A via-crúcis que leva a Belém
Mal sinalizada e esburacada do começo ao fim. É essa a situação do caminho que liga Brasília à capital paraense, como mostra a segunda reportagem da série sobre as rodovias brasileiras

Ulisses Campbell
Enviado Especial

Belém (PA) - A Belém-Brasília é uma estrada de gigantes. As carretas e os ônibus que trafegam por ela costumam ter mais de 10 metros de altura e 20 de comprimento. Algumas árvores que margeiam a maior parte da pista - ou do que resta dela - são seculares e passam dos 40 metros de altura. Cerca de 1,5 milhão de pessoas moram nas 58 cidades e povoados próximos à rodovia. A extensão da via também é imensa: 2,5 mil quilômetros.

O Correio percorreu cada quilômetro que separa Brasília de Belém e constatou que gigantes também são os problemas que cercam a estrada construída pelo presidente Juscelino Kubitschek. O asfalto em toda a rodovia é de péssima qualidade. Há buracos espalhados praticamente por todos os trechos. As poucas placas de sinalização ainda não estão destruídas pelo tempo, mas foram engolidas pelo mato.

Gigante ainda é o perigo que representa usar essa estrada. Principalmente à noite. Boa parte do trecho que corta o Pará não tem acostamento. Em Goiás, o excesso de crateras obriga os caminhões a fazer um balé tão perigoso que muitas vezes termina em morte. Sem falar nos riscos de assaltos.
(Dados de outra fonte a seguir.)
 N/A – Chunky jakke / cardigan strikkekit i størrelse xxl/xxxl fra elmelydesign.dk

Para quem segue de Brasília rumo à capital paraense, o primeiro obstáculo surge em Anápolis (GO). Tão logo a estrada começa, há uma placa advertindo: Perigo. Trecho em obra permanente. Mas, nem de longe, a mensagem traduz a temeridade que vem pela frente. Nos 15 primeiros quilômetros há quatro desvios e três atoleiros oriundos de construção de pontes que duram mais de dois anos. Por conta desses desvios, a rodovia fica engarrafada durante o dia e início da noite. Na fila do congestionamento, predominam as carretas.

Disputa injusta
A concorrência entre veículos pesados e carros de passeio na Belém-Brasília é injusta. Nos trechos esburacados, um carro popular não passa de 20 quilômetros por hora diante de tantos desvios e inevitáveis ''visitas'' a buracos. Ônibus e caminhões que têm suspensão a ar trafegam a 60 Km/h em pista precária. Só desviam das crateras maiores. ''O impacto nos buracos é diferente porque os carros comuns têm amortecedor de mola'', explica o mecânico Roberto Teixeira.
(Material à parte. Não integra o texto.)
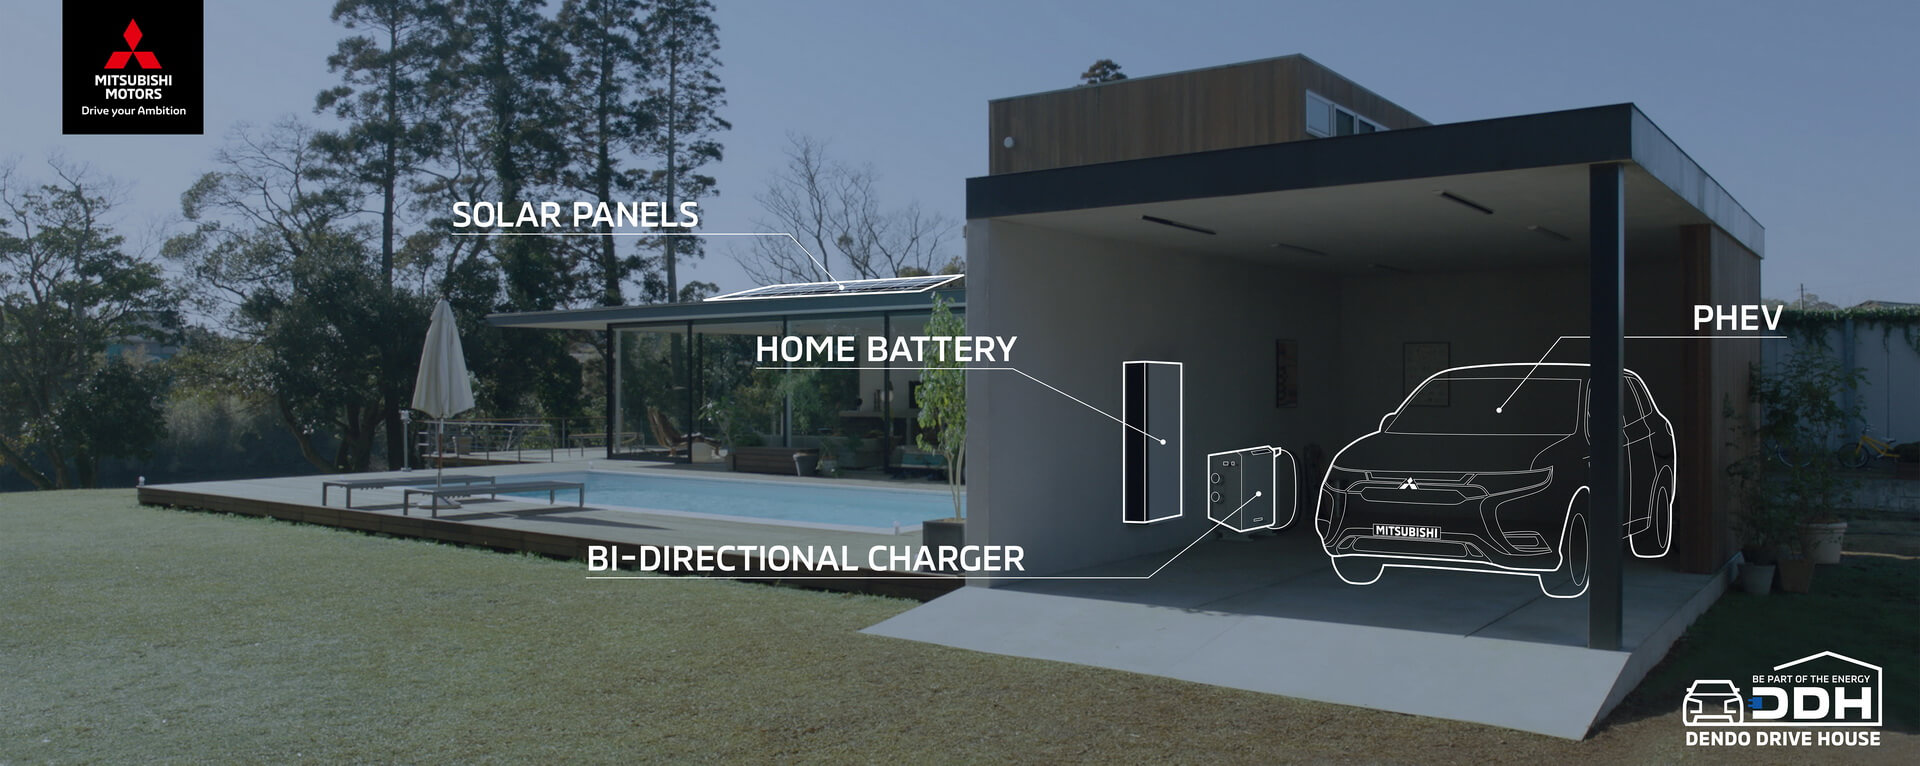 Mitsubishi Engelberg Tourer PHEV стехнологией DENDO Drive House

Na verdade, dirigir na Belém-Brasília à noite é um ato de coragem. No escuro, os donos da estrada são os caminhoneiros. Imponentes, as carretas que eles dirigem correm a até 120 quilômetros por hora. Com suspensão resistente, passam pelos buracos com bem mais velocidade do que os carros de passeio. Com medo de assalto, os carreteiros preferem andar em comboio. Ao ultrapassarem um carro de passeio, deixam para trás uma poeira grossa que compromete a visibilidade. Os caminhoneiros dirigem a noite também para fugir do calor.
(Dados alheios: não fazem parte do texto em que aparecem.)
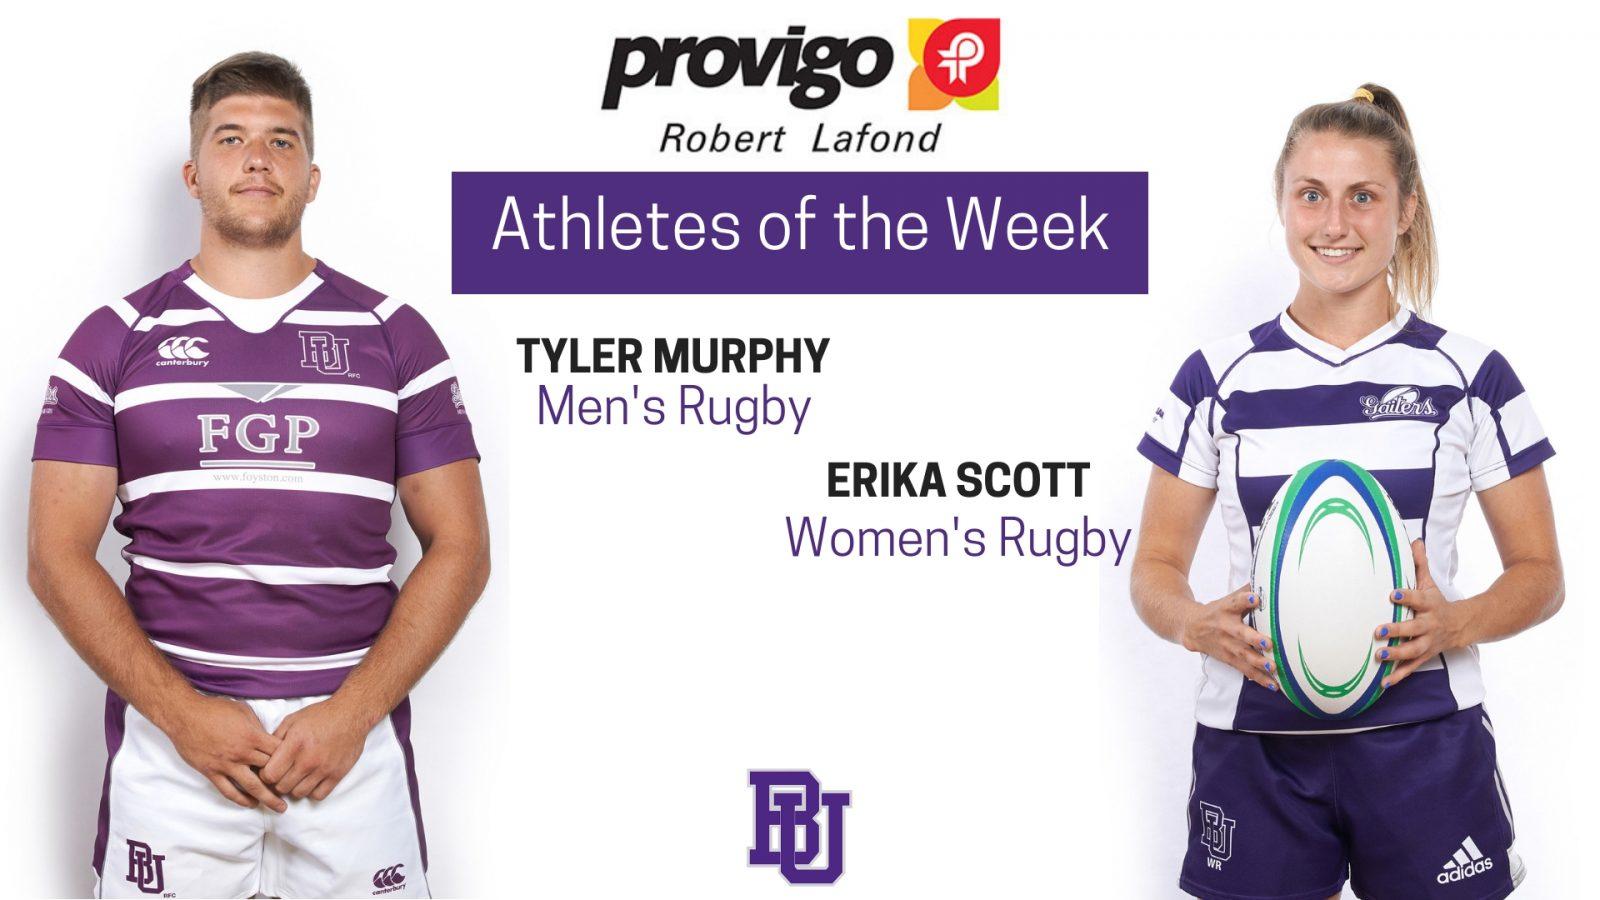 Scott and Murphy named Provigo, Robert Lafond Bishop's Athletes of the Week

A Belém-Brasília corta quatro estados e é o principal eixo de integração da Região Norte com o restante do país. Os problemas dessa rodovia podem ser divididos em etapas. Em Goiás, a estrada tem o pior trecho. Os buracos estão espalhados por todos os cantos e há pedaços em que o asfalto deu lugar a uma terra batida e empoeirada. Quando chove, o chão vermelho transforma-se em lama.

Tempo perdido
No estado do Tocantins, a Belém-Brasília está conservada graças à manutenção periódica. Com asfalto plano e regular, é o melhor trecho. Há placas de sinalização e acostamento dos dois lados. Por incrível que pareça, essa perfeição toda representa perigo. É que ônibus e caminhões que perderam tempo nos trechos esburacados de Goiás e Maranhão tentam tirar o atraso correndo o máximo que podem. A pressa ocorre porque a maioria dos motoristas tem hora para chegar ao local de origem. Há carretas que alcançam até 120 quilômetros por hora na parte tocantinense da estrada. Nessa hora, a Belém-Brasília vira um palco de medo.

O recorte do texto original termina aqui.